What we’re interested in in this article is account storage, the permanent storage of the smart contract’s account. It is in this storage area that the contract will record its variables, which must be persistent on the blockchain. For example, if a smart contract manages registration for an event, it is necessary for the list of registrants to be recorded, and to be able to be modified. It is typically for this type of information that acount storage is used.

As a reminder, here’s what this memory area looks like:

Account Storage

It is organised into slots, which function like an index. There are 2**256 locations, and each location can store 256 bits.

If a contract (written with Solidity) wishes to store variables in this space (which we will call state variables), it must declare them outside the functions.

contract Hackndo {
  /**
   * State variables registered in Account Storage
   */
  uint256 id = 7; 
  uint256 totalAmount = 1000;


  /**
   * Contract code
   */
  constructor() {
    // Code
  }


  function test() external {
    // Local variable (not stored on the blockchain)
    uint256 localVariable = 0;
  }


  function update() external {
    id++;
    totalAmount = 0;
  }
}

The id and totalAmount variables will be stored in this contract’s account storage, and will be accessible by all functions in this contract. If they are updated by a function (such as update()), the contract’s account storage will be updated and these new values will be available for future transactions.

Variable visibility

With Solidity, the visibility of a variable can be defined in three different ways:

  • public: The variable is readable by other smart contracts. A getter is automatically created. It can therefore be read by calling the id() or totalAmount() function, for example.
  • internal: The variable can only be read or modified by the contract in which it is defined, or contracts which inherit from this contract. This is the default visibility for variables.
  • private’: The variable cannot be read or modified by any smart contract other than the one in which it is defined.

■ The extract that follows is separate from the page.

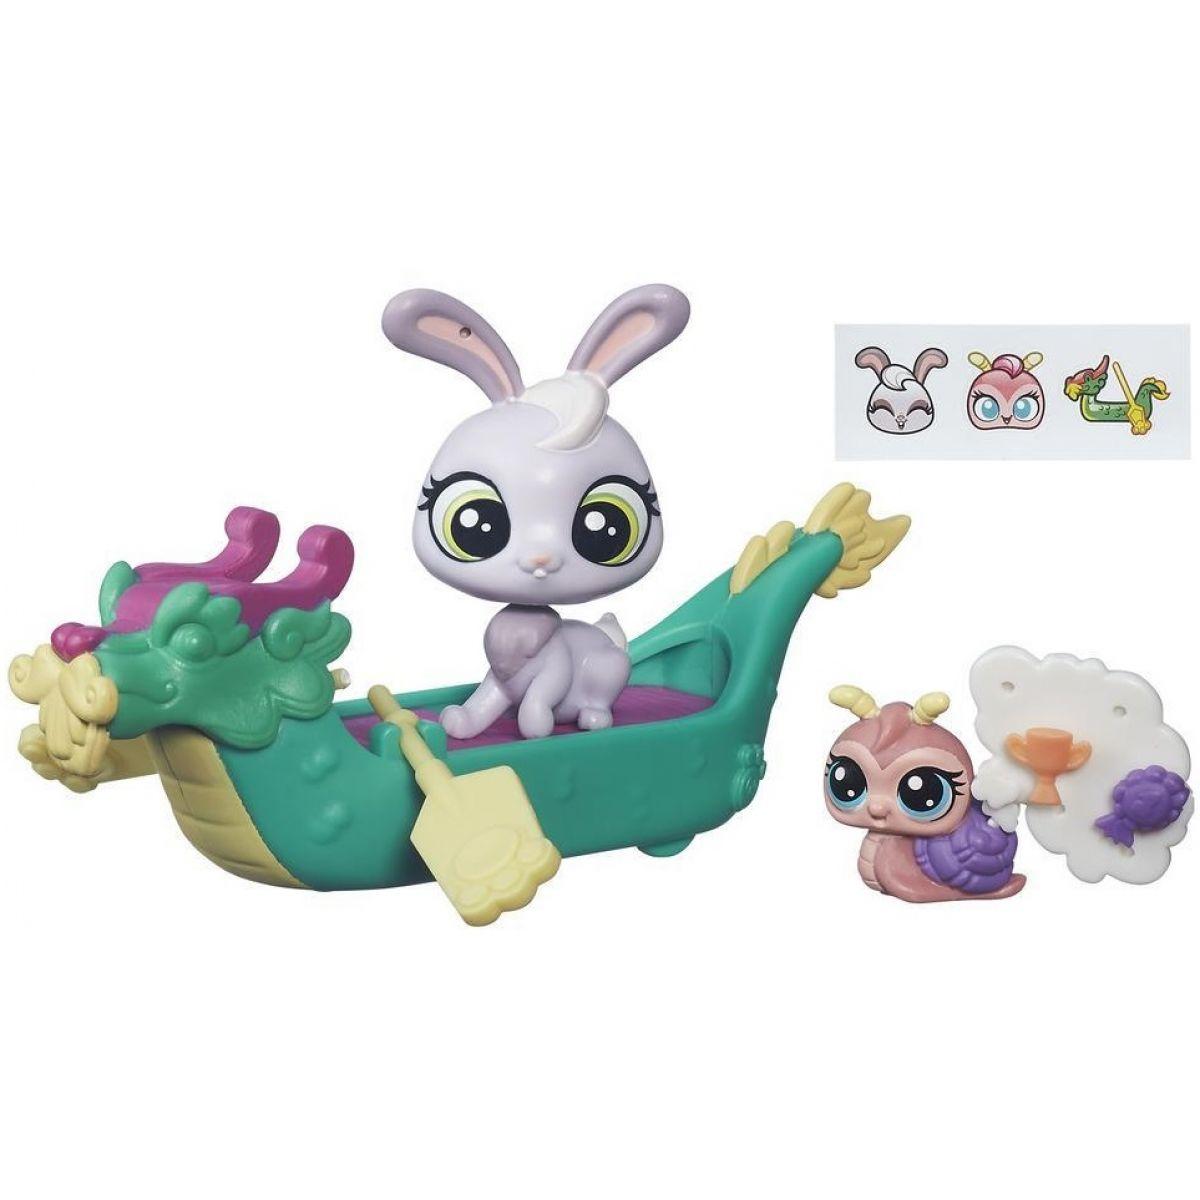 Littlest Pet Shop Zvířátko s kamarádem a vozidlem - B7755
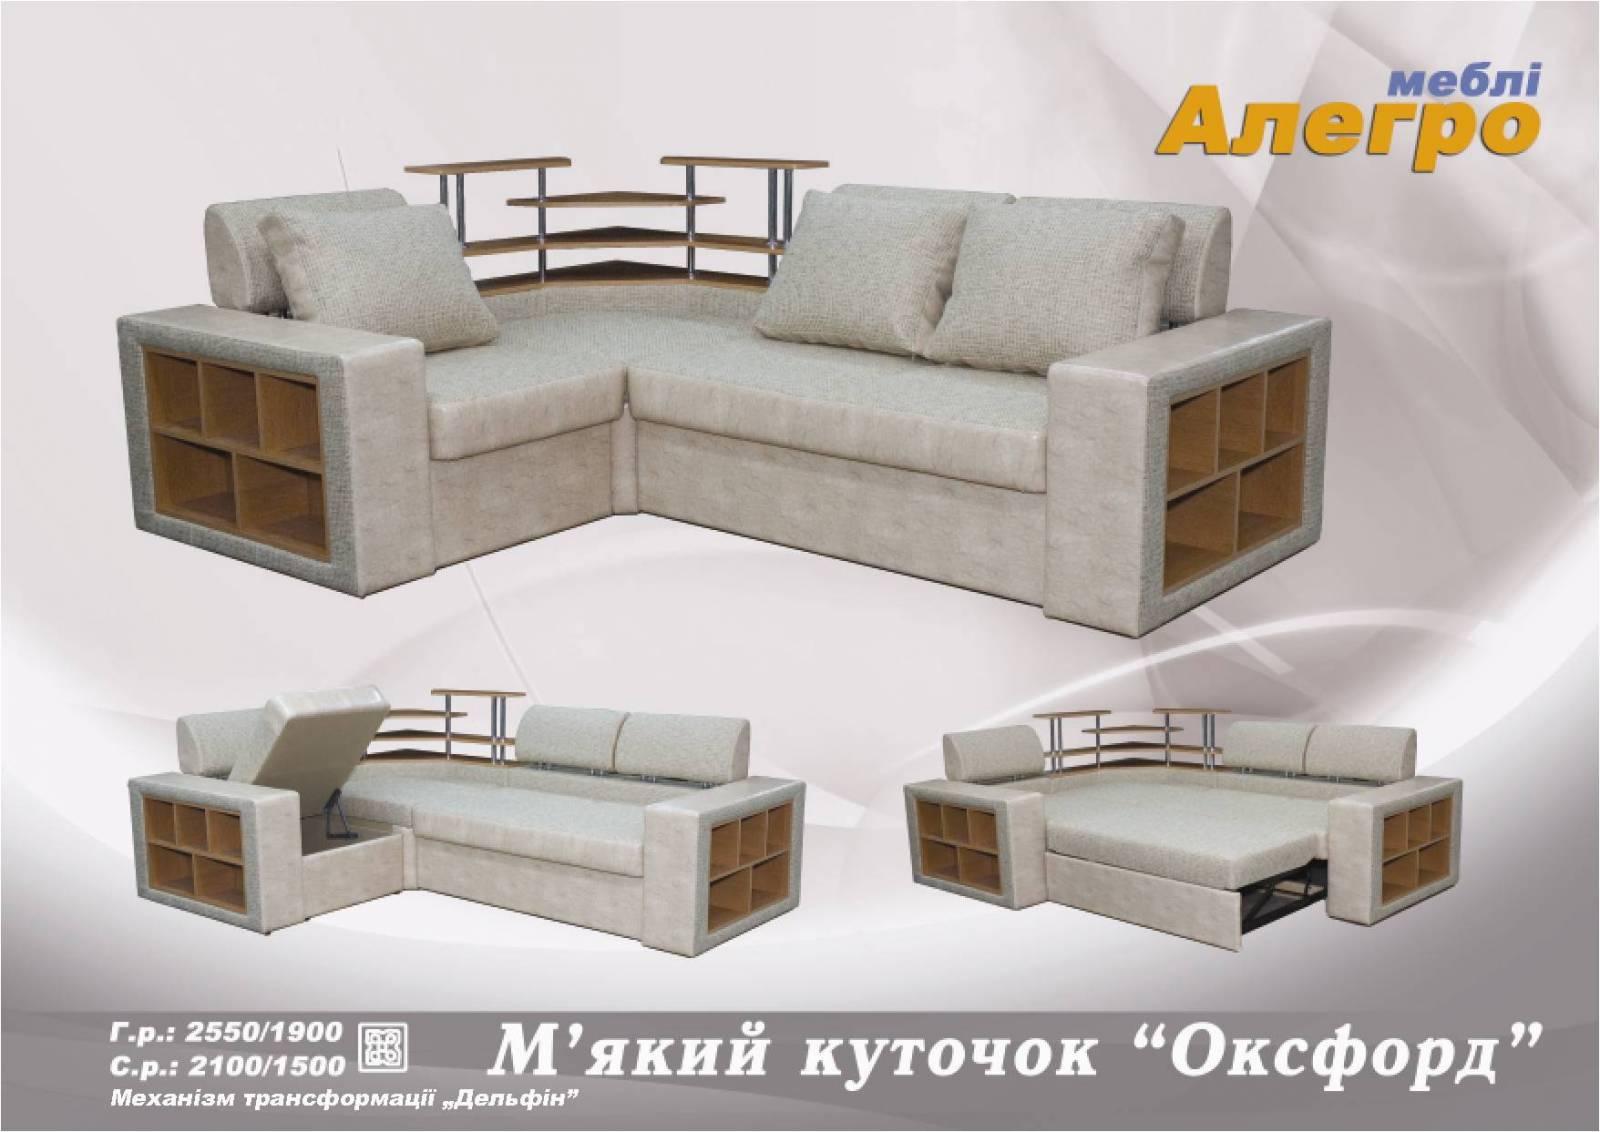 Как с дивана сделать угловой диван своими руками

The definitions of internal and private variables in the Solidity documentation can be confusing:

Internal state variables can only be accessed from within the contract they are defined in and in derived contracts. They cannot be accessed externally. This is the default visibility level for state variables. Private state variables are like internal ones but they are not visible in derived contracts.

If we were not careful, we might think that by defining an internal or private variable, this variable could not be read by anyone other than the contract itself, or contracts inherited from it, and that we could therefore be storing confidential information.

The internal and private variables are only private within the smart contract. However, their values can be freely read outside the blockchain by anyone, so they do not hide data in this way.

Account storage layout

As an attacker, it is then necessary to understand how variables are stored in account storage.

Storage order

The first thing to understand is that storage variables are stored by the Solidity compiler in the order in which they are declared. In the example given above, the id variable will be stored first, then the totalAmount variable.

If no value is assigned to the variable, it will take the default value 0x00, and its slot is still reserved.

When the smart contract is compiled, the compiler will try to optimise the storage space required. To do this, if variables can fit into the same 32-byte slot, they will be put into the same slot.

For example, if the state variables are as follows:

contract Hackndo {
  /**
   * State variables stored in Account Storage
   */
  uint32 var1 = 7; 
  uint32 var2 = 15;
  uint128 var3 = 10;
  uint128 var4 = 9;
  uint32 var5 = 2;
  uint8 var6 = 3;
}

The size of a slot is 256 bits. The first 3 variables occupy 32+32+128 = 192 bits. The 4th variable cannot be added to the same slot, as there are only 64 bits available. It therefore goes into the second slot, along with the 5th and 6th variables. The size of var4, var5 and var6 is 128+32+8 = 168 bits, which fits into one slot.

Storage compression

This gives the following data in the storage:

# Slot 0
0x00000000000000000000 0000000000000000000000000000000a 0000000f 00000007
# empty var3 var2 var1


# Slot 1
0x00000000000000000000 0003 00000002 00000000000000000000000000000009
# empty var6 var5 var4

Constant & Immutable

With Solidity, the constant and immutable keywords can be used on state variables.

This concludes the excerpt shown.